Where film space operas typically aim to be either quasi-mythological epics (Star Wars) or over-the-top cartoons (Guardians, Flash Gordon, Valerian) TV space operas tend to have different ambitions, arising from their episodic formats and limited budgets. Intentionally or not, the first act of Captain Marvel does a thorough job of emulating this mode. Carol belongs to an alien army, the other members of which all look like humans (well, a couple have blue skin, but there are no counterparts to Groot or Rocket Raccoon present). Their exploits consist mainly of relatively low-key running-and-gunning, as we’d expect from a TV budget. Even the choice of antagonists — aliens who can shapeshift into doppelgangers — would suit a television series that wants to make the most of a limited cast. The production values are higher, but the underlying aesthetic is straight out of the TV set.
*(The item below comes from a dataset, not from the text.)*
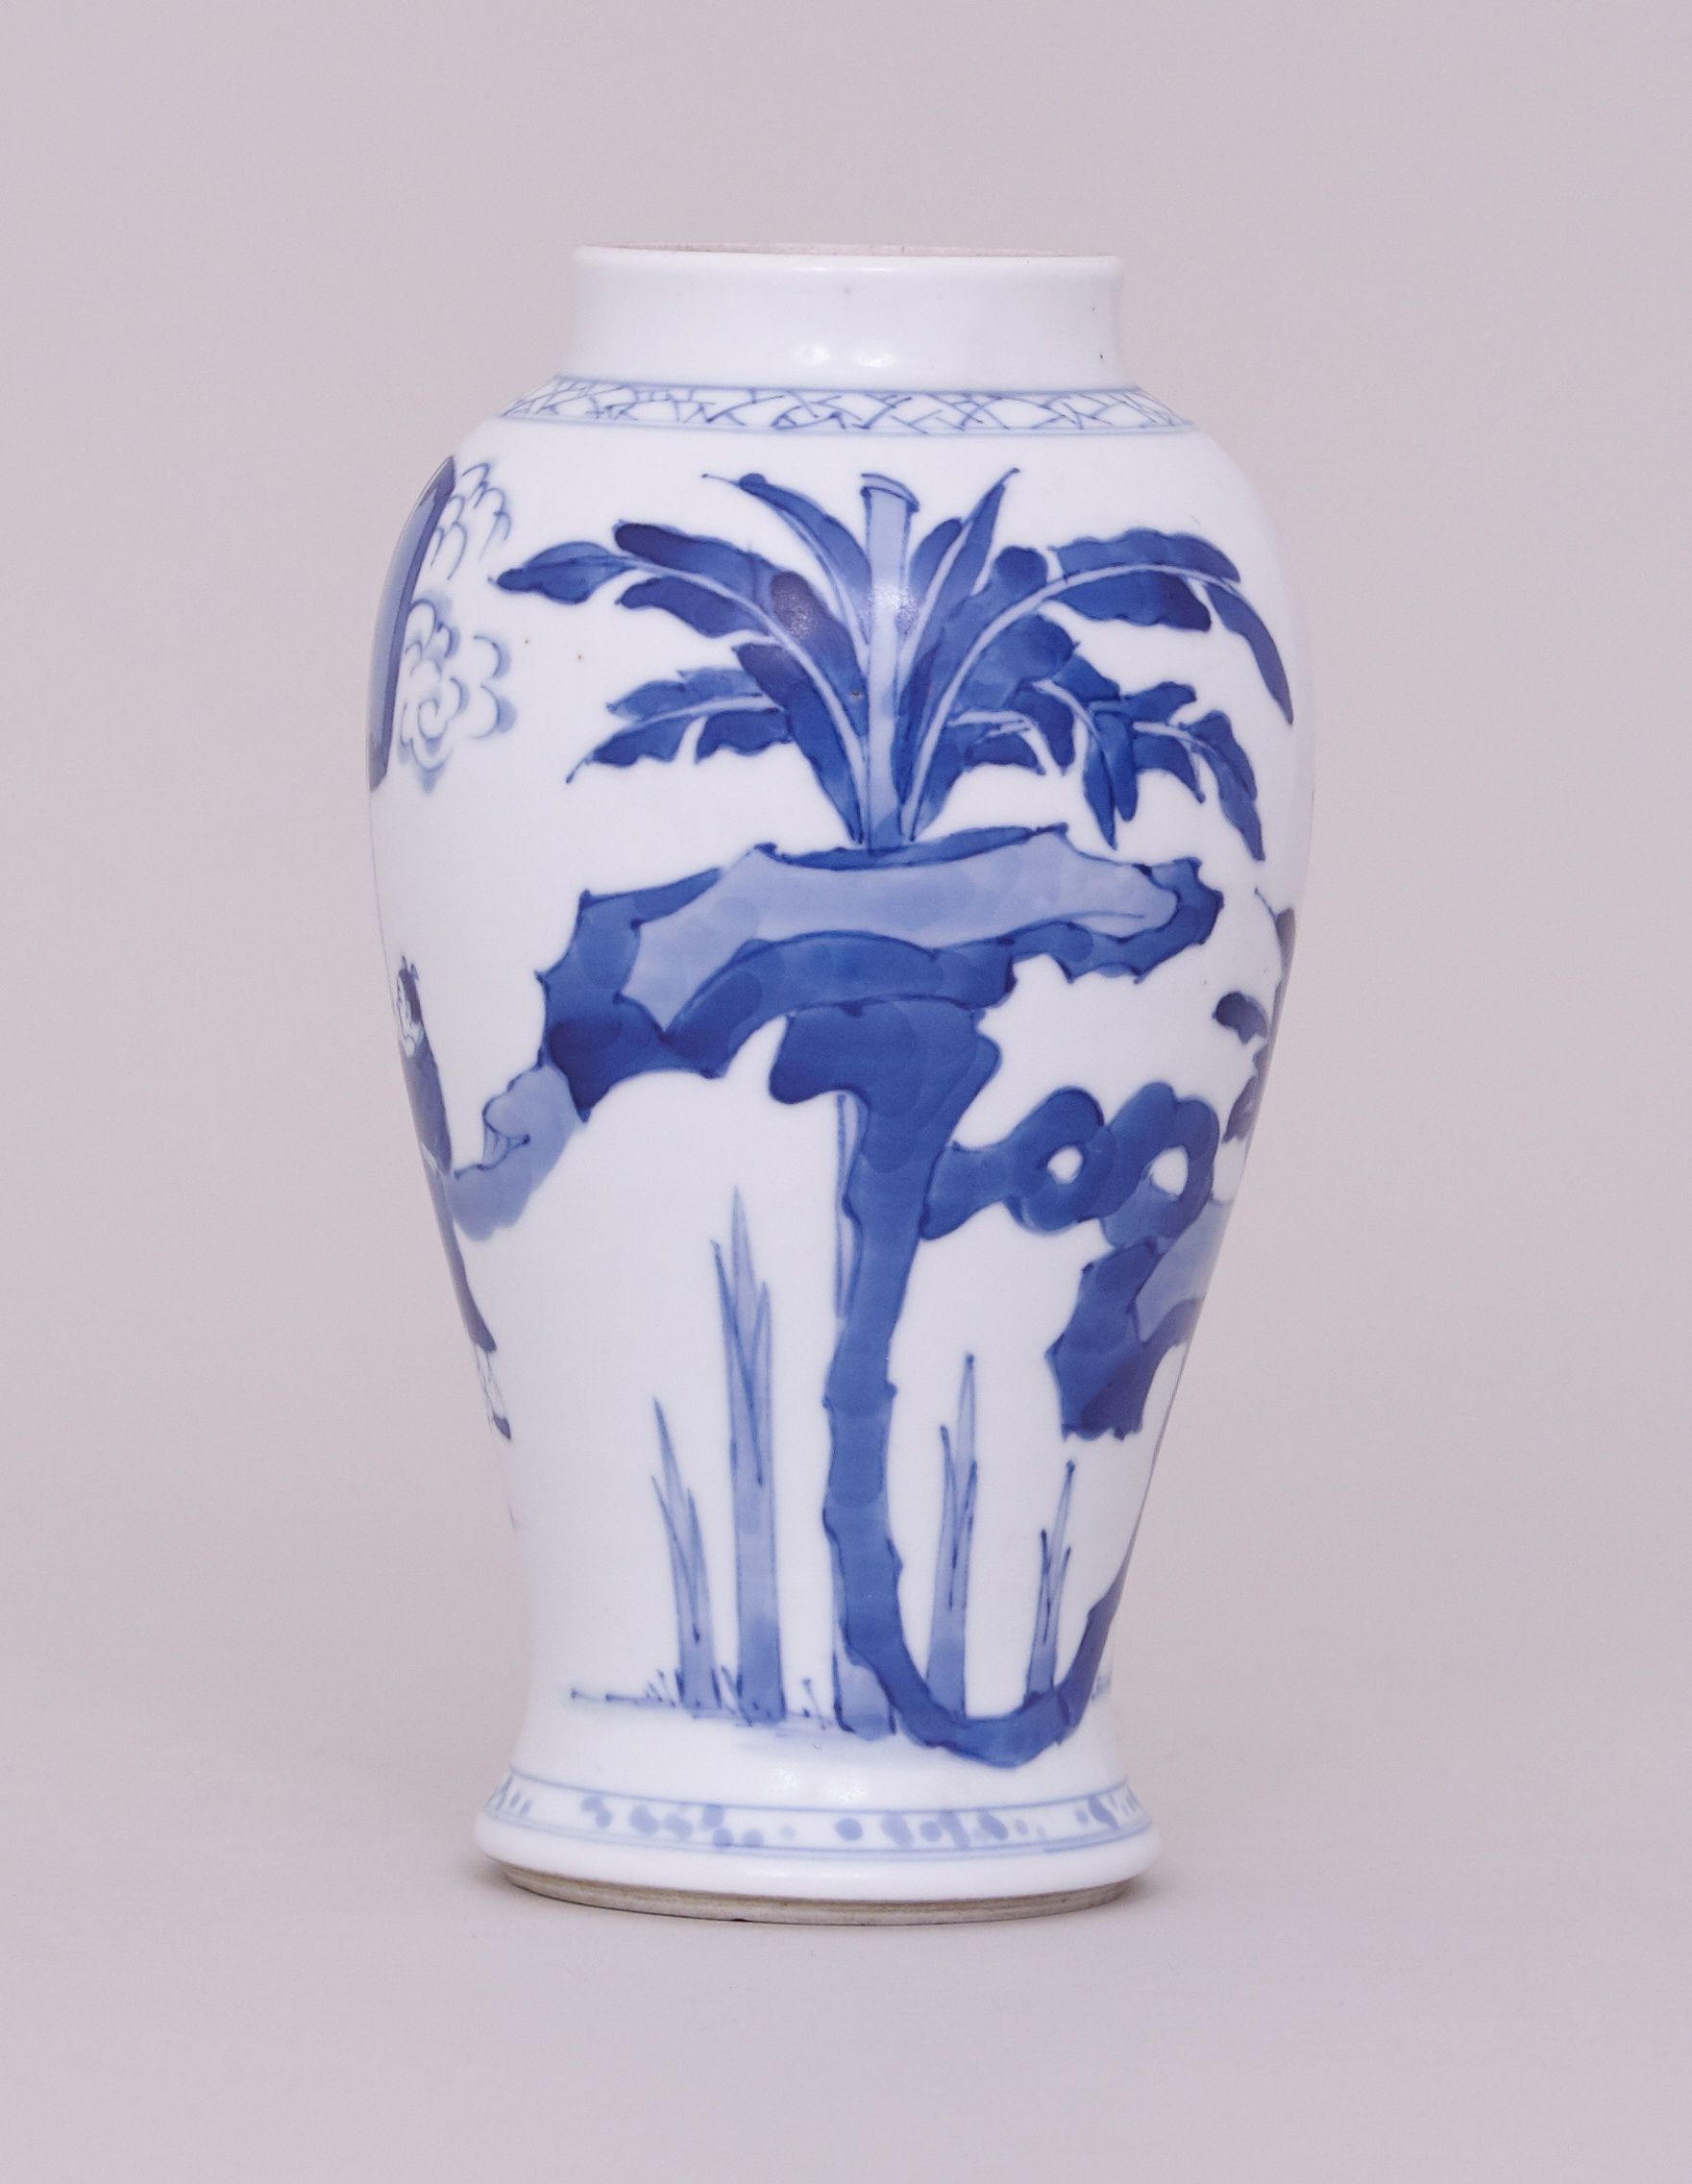 22 Stylish Chinese Style Vase 2024 free download chinese style vase of blue white vase lovely a chinese blue and white vase kangxi 1662 with blue white vase lovely a chinese blue and white vase kangxi 1662 1722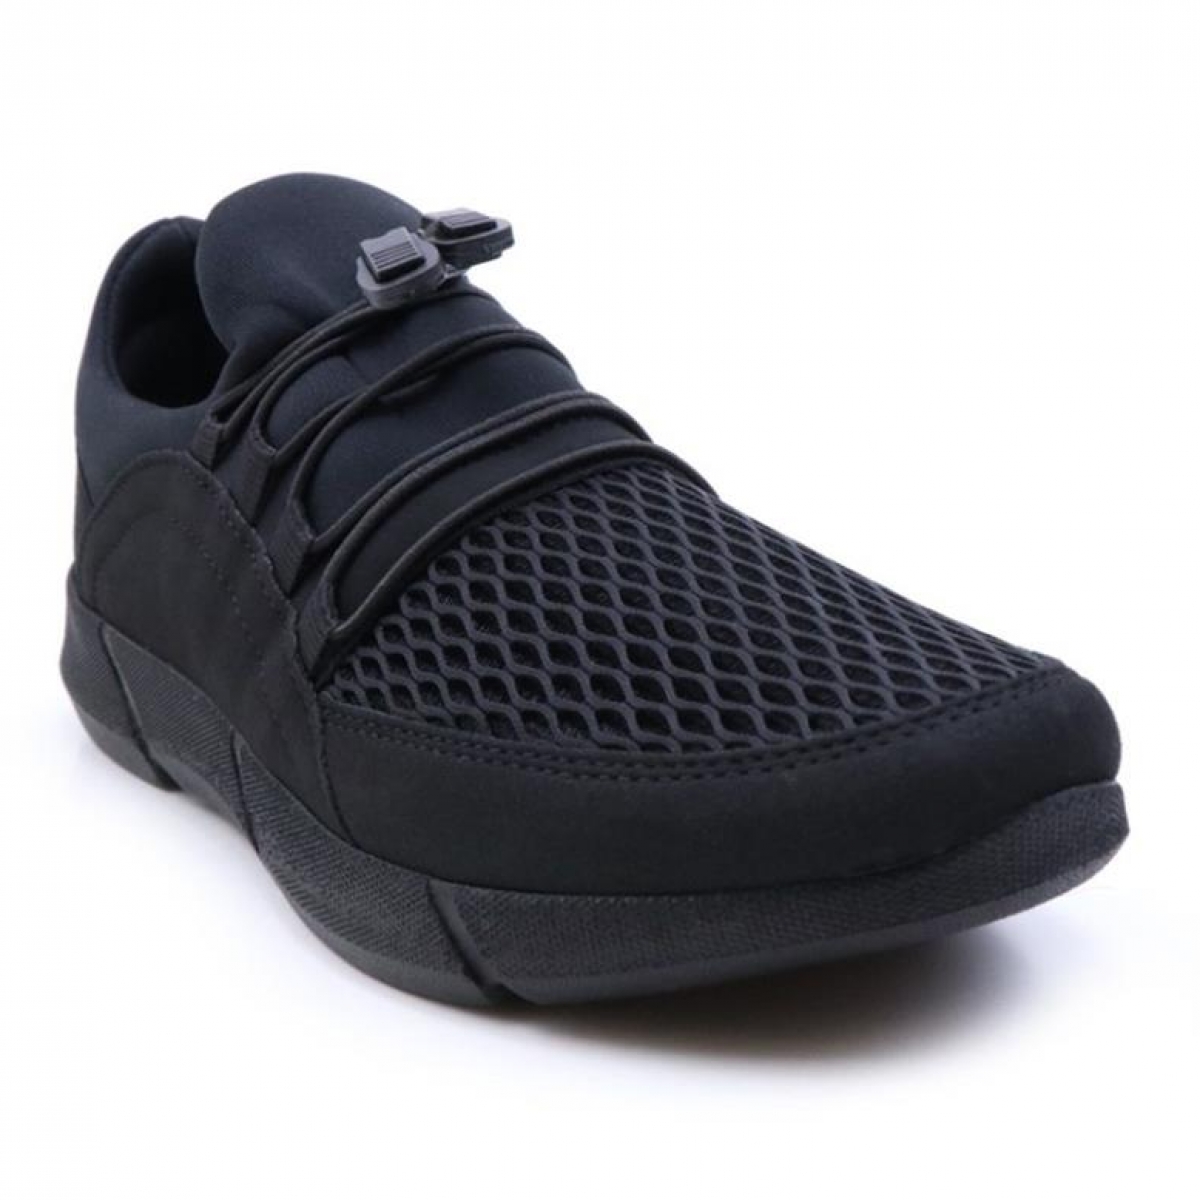 Flo 2015 Erkek Siyah Sneakers Spor Ayakkabı. 2

When the action reaches Earth, Captain Marvel changes the channel, sliding from TV space opera to The X-Files as Carol gets caught up in a web of government intrigue, alien autopsies and black-suited agents. At the same time, though, we get all the snappy one-liners and knockabout humour we’ve come to expect from Marvel. The X-Files would have handled the same subject matter very differently: Carol’s repressed memories making Earth is simultaneously familiar and unfamiliar) and the wider narrative of aliens taking on human form are perfect for a truly paranoid feel. Paranoia and superheroics don’t tend to mix, however, and the film’s midsection tends to look more like an X-Files parody than the real thing.
Captain Marvel finally settles into Joss Whedon territory, giving us such sights as a menacing green alien casually slurping fizzy pop from a straw. Perhaps the simplest way to sum up the film is as a greatest hits medley of 90s SF/F television: Babylon 5, X-Files and Angel, all with an effects budget that none of those series could have dreamed of. This may well have been intentional, given that the film is set in the 90s and repeatedly trades on nostalgia for the era.
None of my above comments should be taken as criticism. Captain Marvel performs each of its shifting genre duties pretty well. The thing is, though, other films — including other Marvel films — have covered the same genres if not necessarily better, than with fuller commitment. Winter Soldier is a more engaging conspiracy thriller. Guardians of the Galaxy is a wider-ranging space opera. And now we have Captain Marvel squeezing in between them, Jack of all trades but master of none.
Had it been a standalone film, I suspect that Captain Marvel would have eventually ended up in the same corner of the public imagination as Jupiter Ascending and Valerian (both of which I enjoyed, incidentally). But thanks to its franchise ties, the film has an assured afterlife. We know that Carol will be co-starring in the next Avengers, and a Captain Marvel 2 is a distinct possibility. Superhero sequels frequently top their precursors, so perhaps the good Captain will finally happen upon an area where the truly shines.